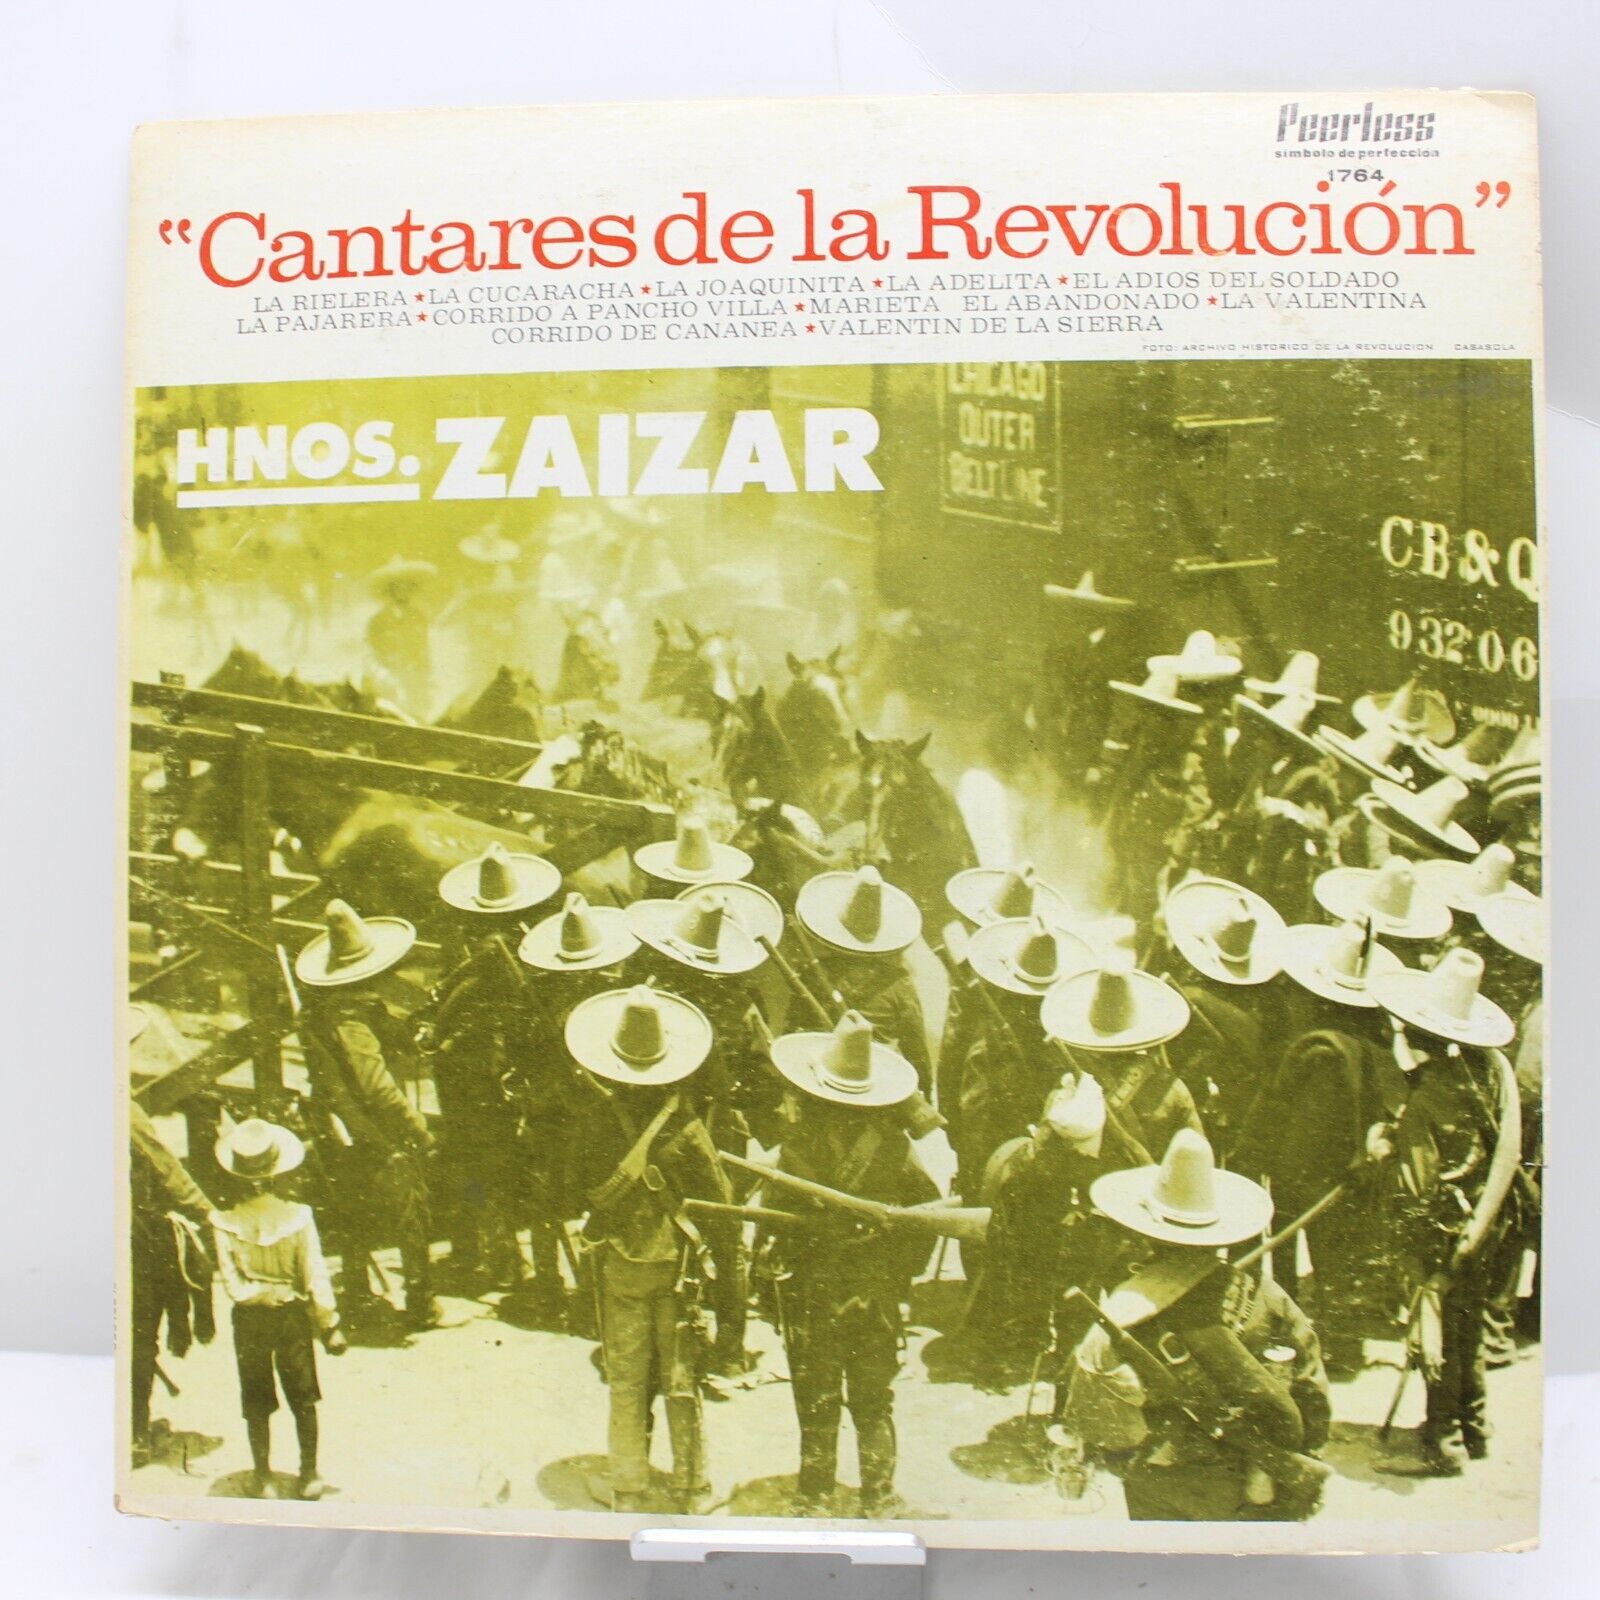 Cantares de la Revolucion Hermanos Zaizar Vintage Vinyl Record LP VG+ 1764
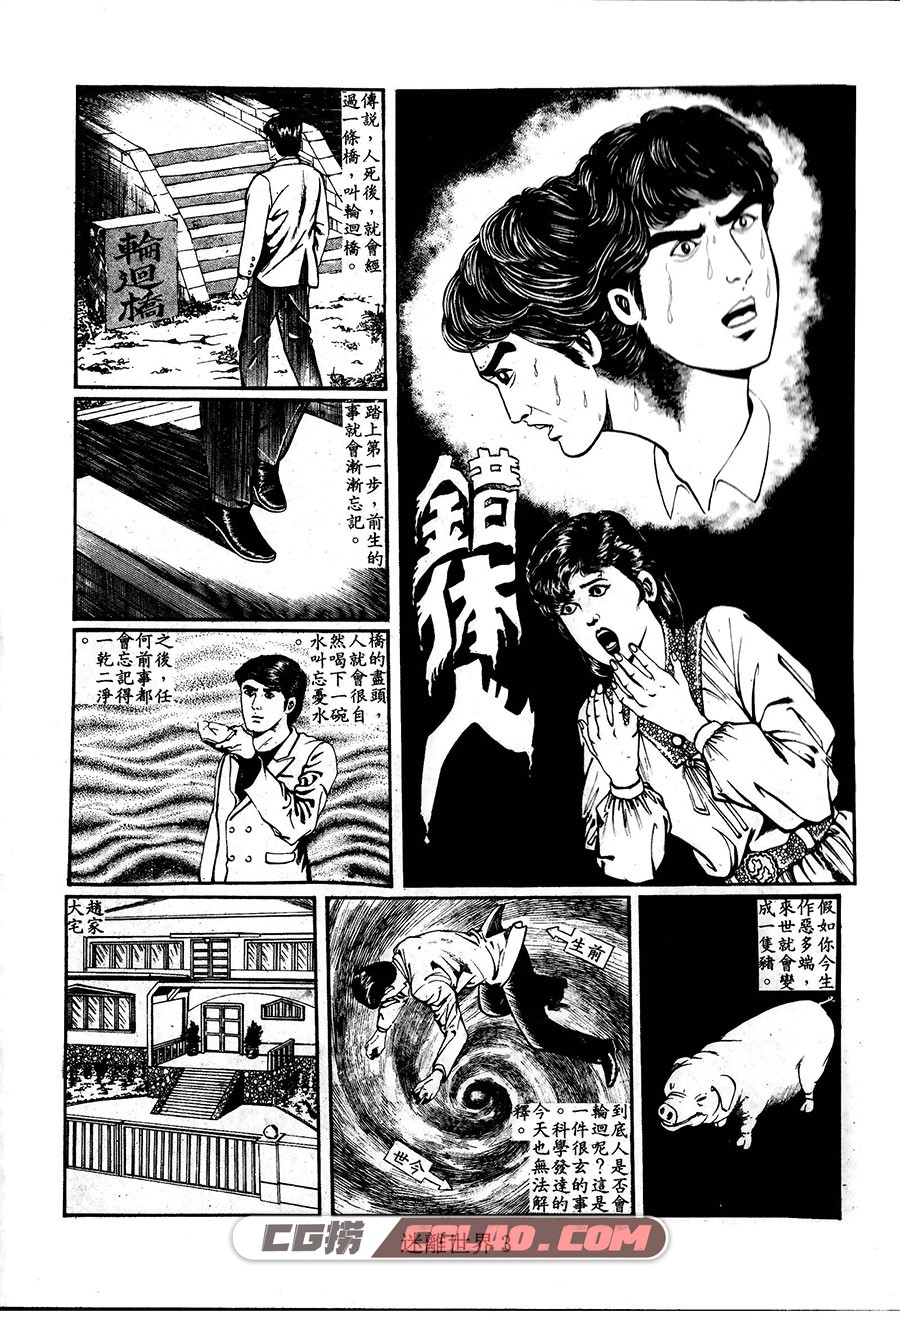 迷离世界 上官小威 1-2册 全集漫画下载 百度网盘,03.jpg
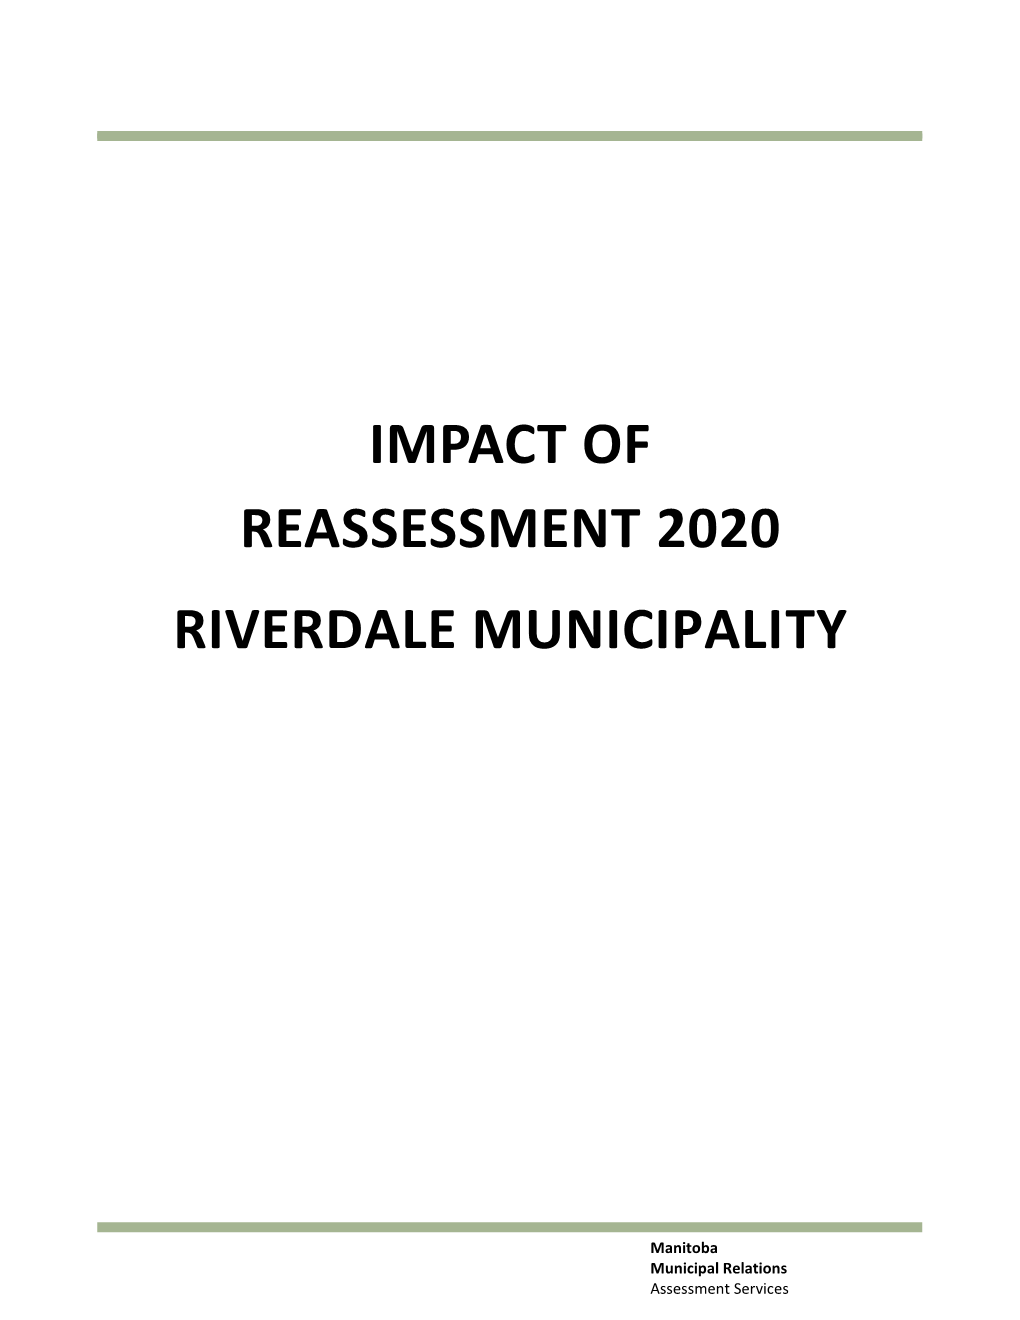 Impact of Reassessment 2020 Riverdale Municipality to Yellowhead

## Work instruction
Only the lines from the one containing "迷离世界 上官小威 1-2册 全集漫画下载 百度网盘,03.jpg" through the last line of the material should be returned, exactly and without pictures.

## Response box
 迷离世界 上官小威 1-2册 全集漫画下载 百度网盘,03.jpg
 Impact of Reassessment 2020 Riverdale Municipality to Yellowhead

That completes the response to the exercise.